PROVIDED RECORDS:
· · · · ·

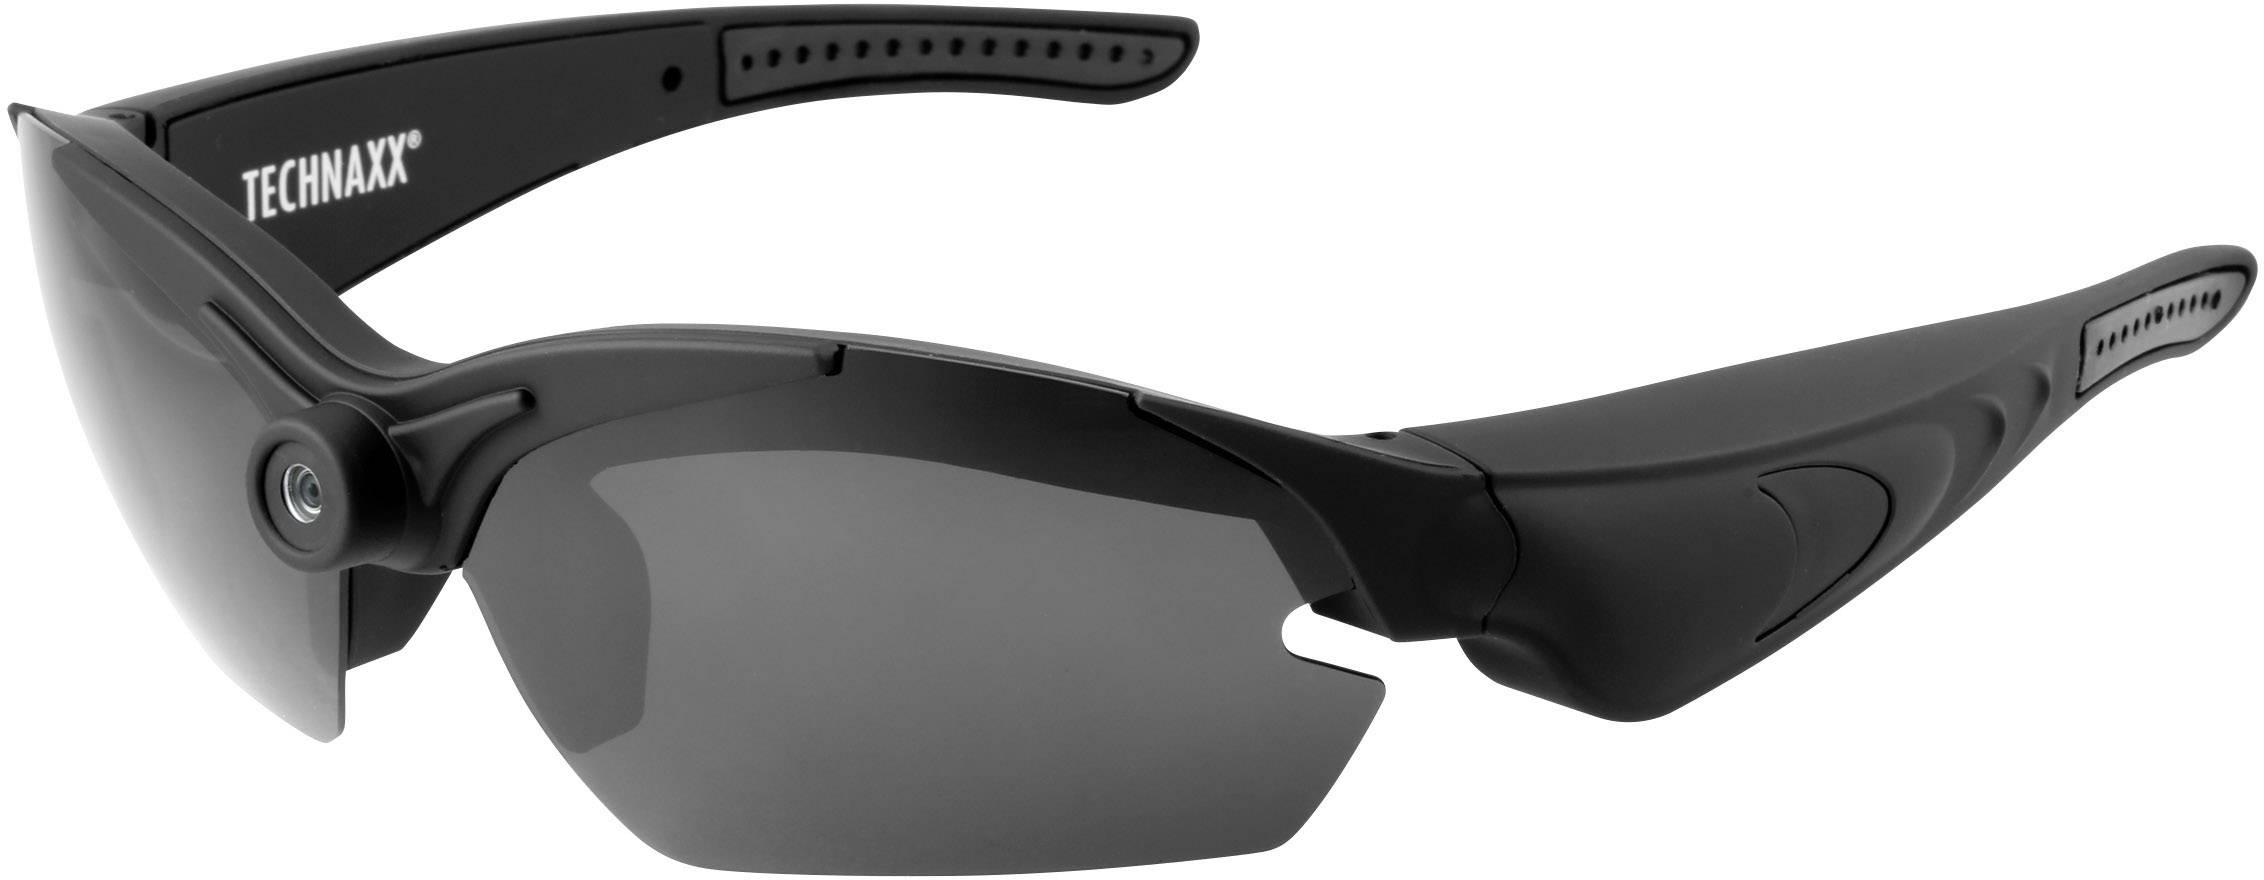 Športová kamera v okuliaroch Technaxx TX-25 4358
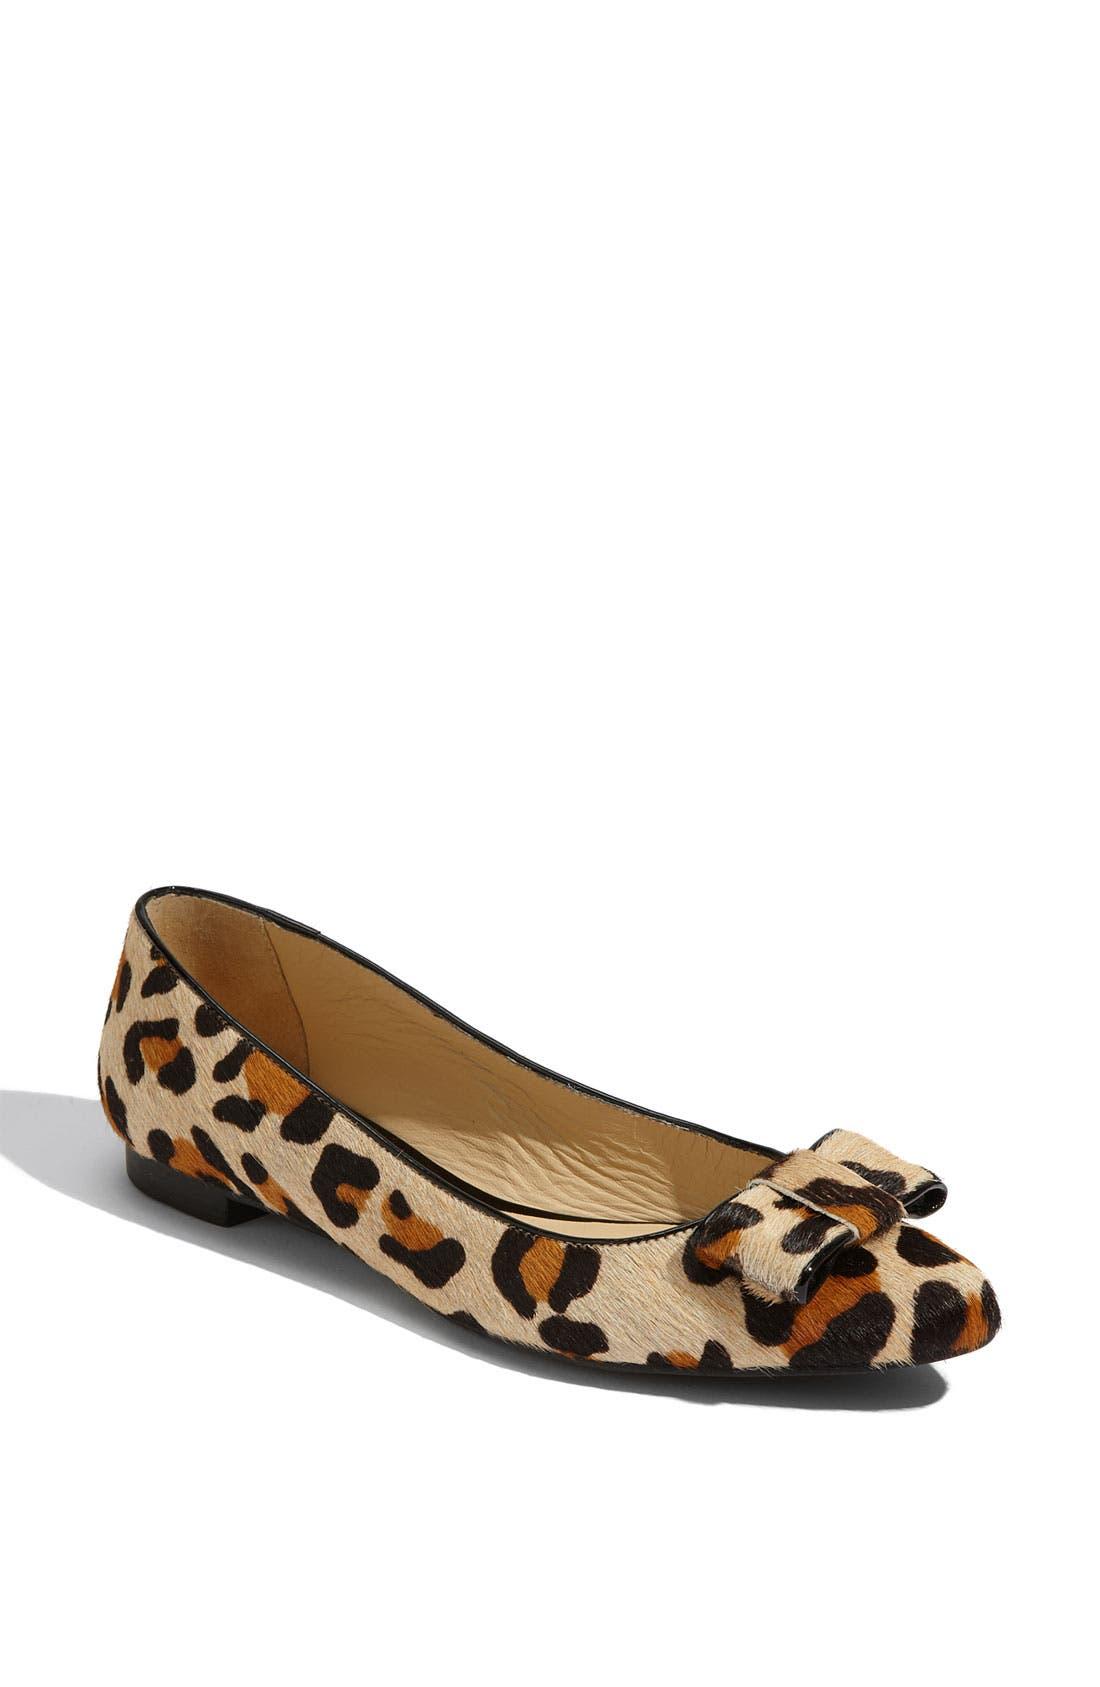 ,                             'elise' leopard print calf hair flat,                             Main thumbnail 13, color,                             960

· · · · ·

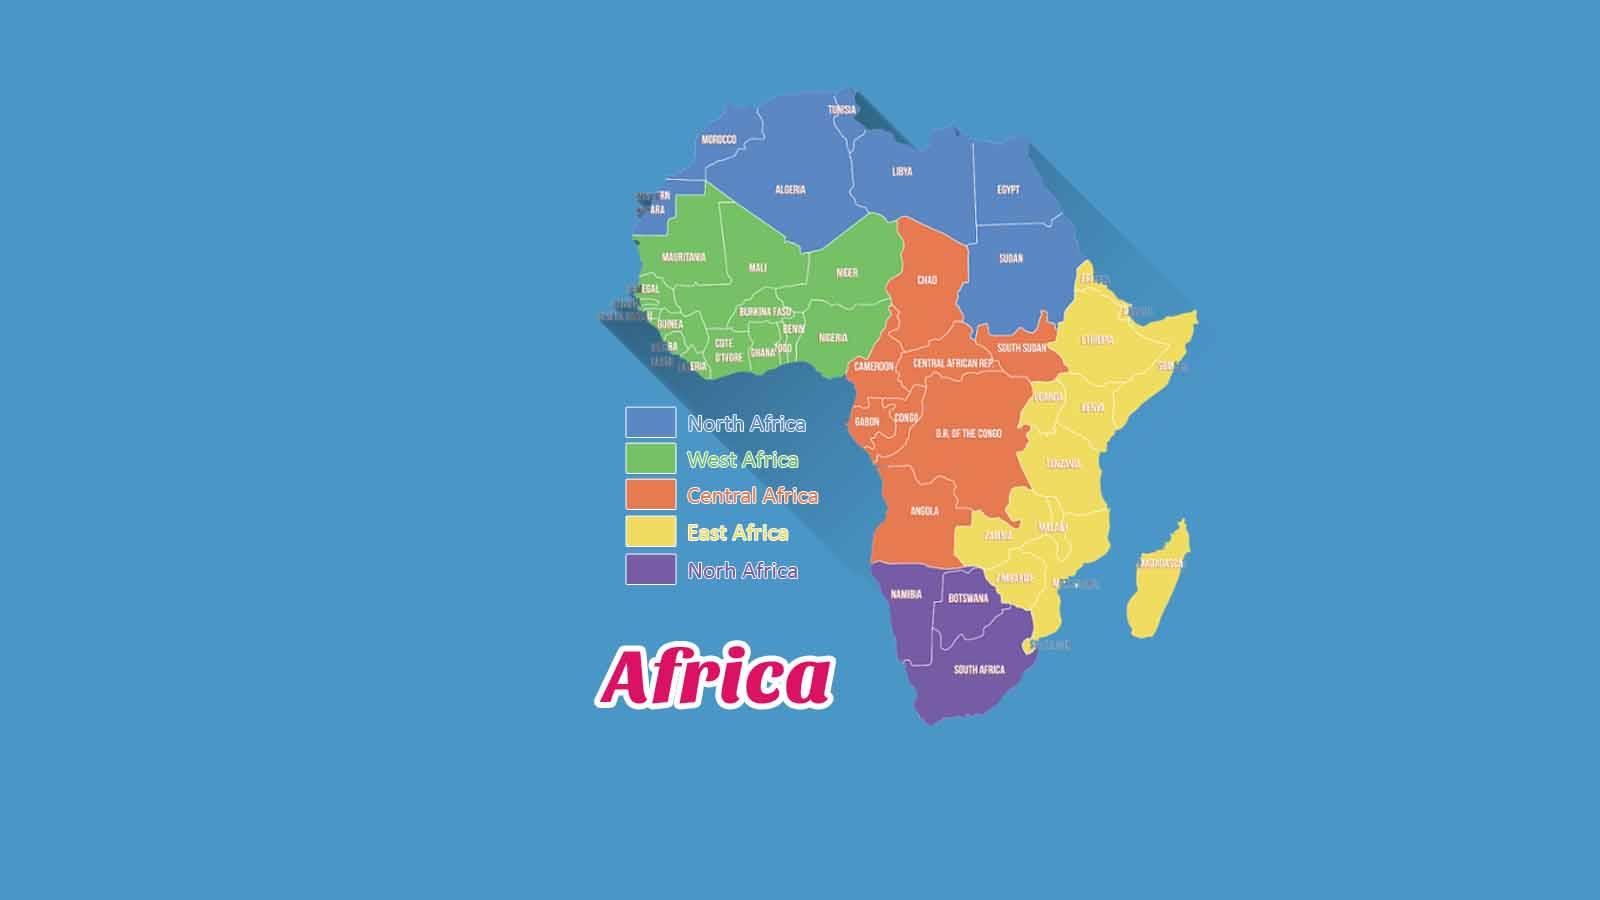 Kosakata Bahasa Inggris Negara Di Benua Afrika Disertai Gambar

· · · · ·

BRIEF:
Quote word for word only the lines above from the one containing "Športová kamera v" through the one containing "leopard print calf". Pictures stay out of your copy.

TASK ANSWER:
 Športová kamera v okuliaroch Technaxx TX-25 4358
 ,                             'elise' leopard print calf hair flat,                             Main thumbnail 13, color,                             960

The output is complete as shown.